Myotis hyrcanicus

Scientific classification
- Kingdom: Animalia
- Phylum: Chordata
- Class: Mammalia
- Order: Chiroptera
- Family: Vespertilionidae
- Genus: Myotis
- Species: M. hyrcanicus
- Binomial name: Myotis hyrcanicus Benda, Reiter & Vallo, 2012

= Myotis hyrcanicus =

- Genus: Myotis
- Species: hyrcanicus
- Authority: Benda, Reiter & Vallo, 2012

Iranian bat in the family Vespertilionidae

Myotis hyrcanicus is a bat in the genus Myotis known only from northeastern Iran.

The species was named in 2012 by a team led by Czech biologist Petr Benda. The description was based on a single specimen collected in 2006. Based on mitochondrial DNA evidence, it is most closely related to Myotis alcathoe from Europe, but the two differ by at least 9.5% in their sequences, indicating that they are different species.

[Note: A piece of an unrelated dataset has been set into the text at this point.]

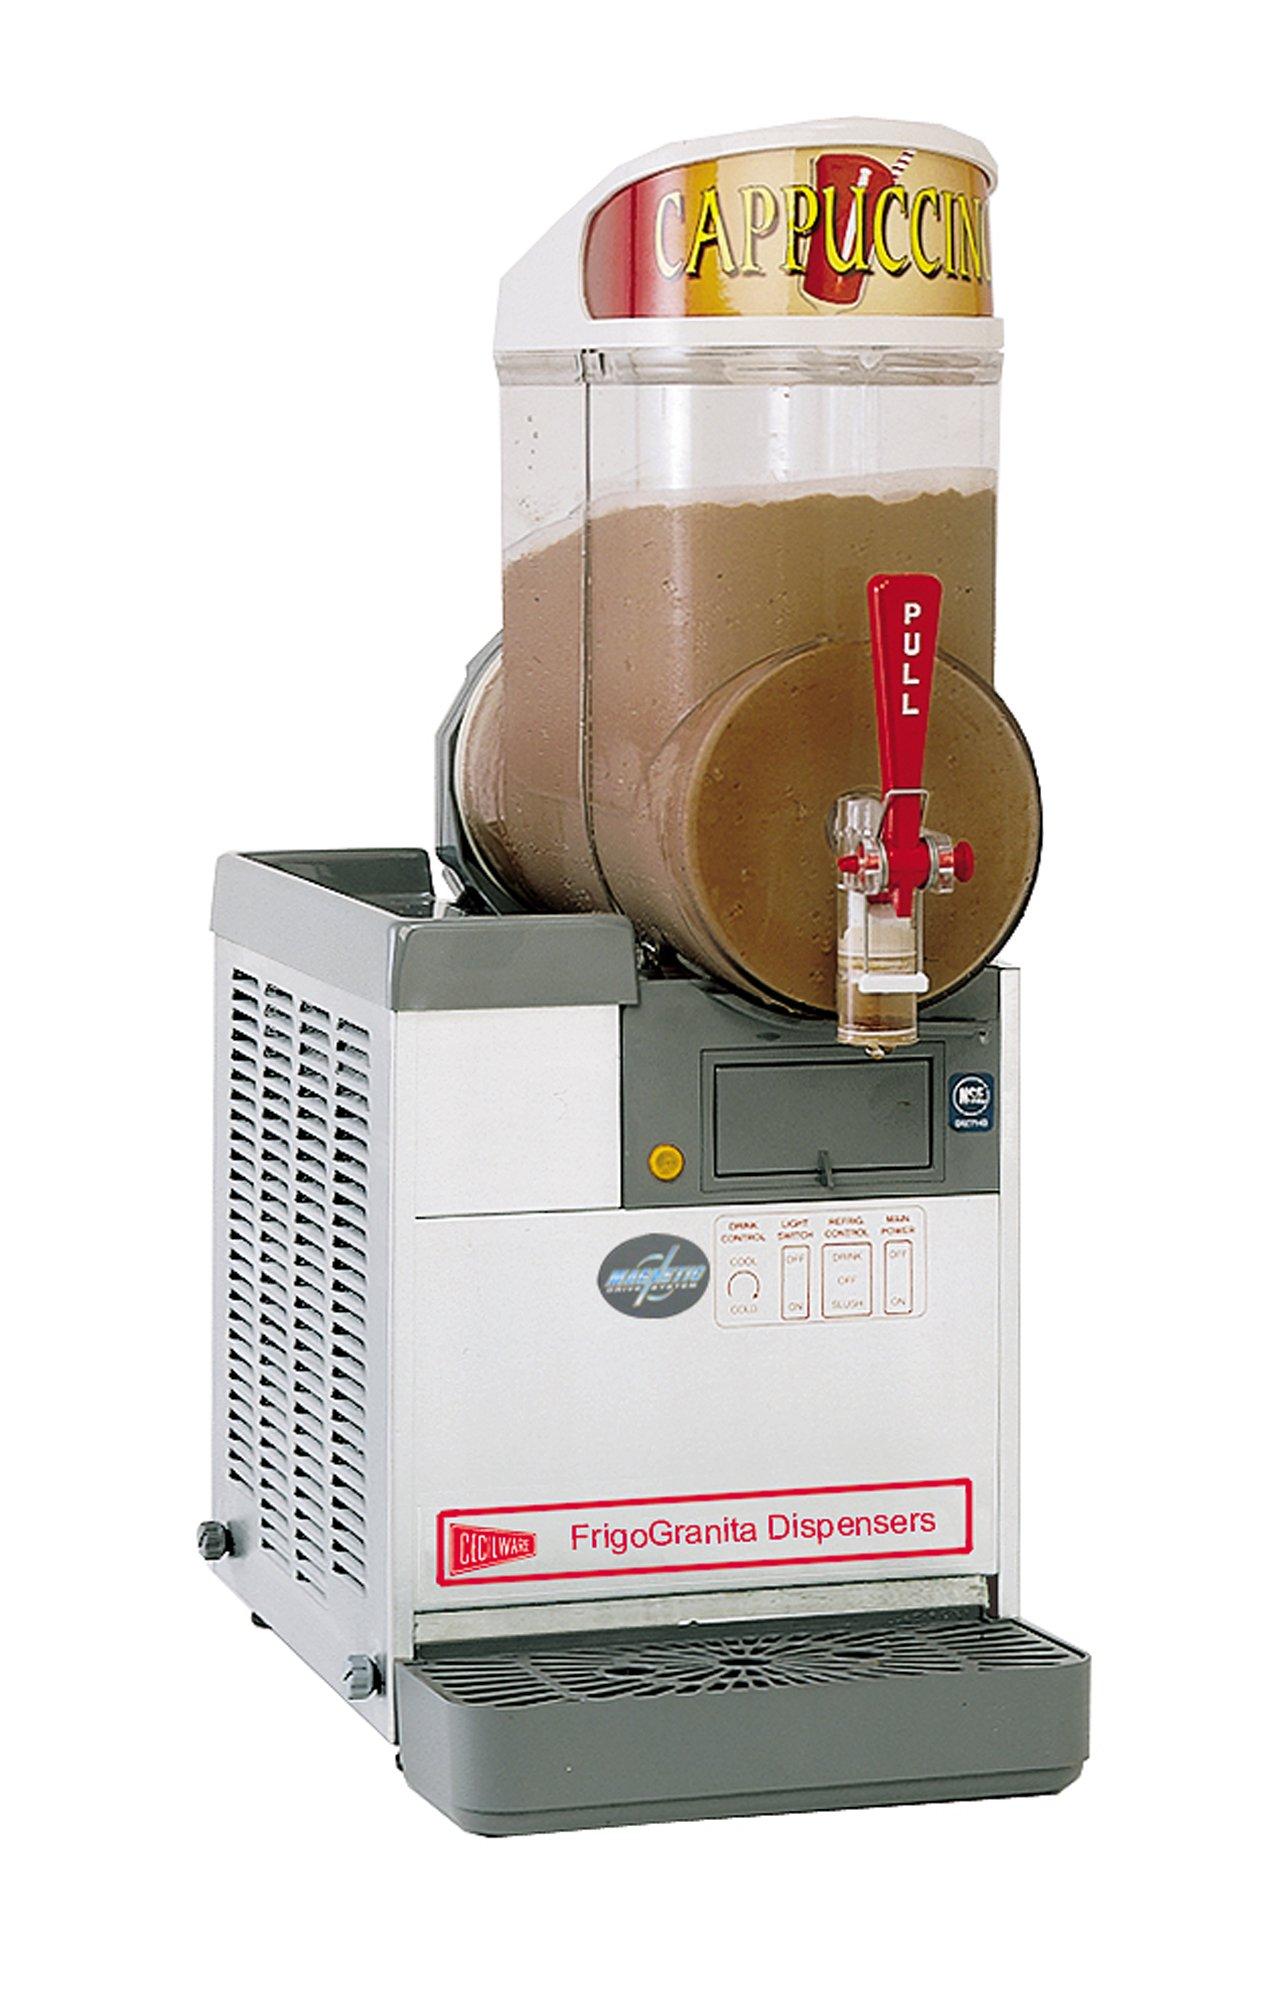 Grindmaster-Cecilware MT1PUL Stainless Steel FrigoGranita 2.5-Gallon Slush Dispenser, Single

The only known specimen was collected in an alluvial forest at Kordabad in Iran's northeastern Golestan province. However, Iran's mammal fauna is not well known, and the true range of the species is likely to extend further west in the Hyrcanian forests ecoregion, perhaps even into Azerbaijan.

It is a small species, with a forearm length of 32.4 mm and ear length of 14.2 mm. The fur is brownish, with gray-brown face, ears and wings. It is similar to Myotis alcathoe, but with a relatively longer rostrum (front part of the skull) and larger teeth. It shares a relatively narrow skull with Myotis alcathoe circassicus, the Caucasian subspecies of M. alcathoe. However, the last upper premolar is relatively large in M. hyrcanicus and small in M. alcathoe circassicus.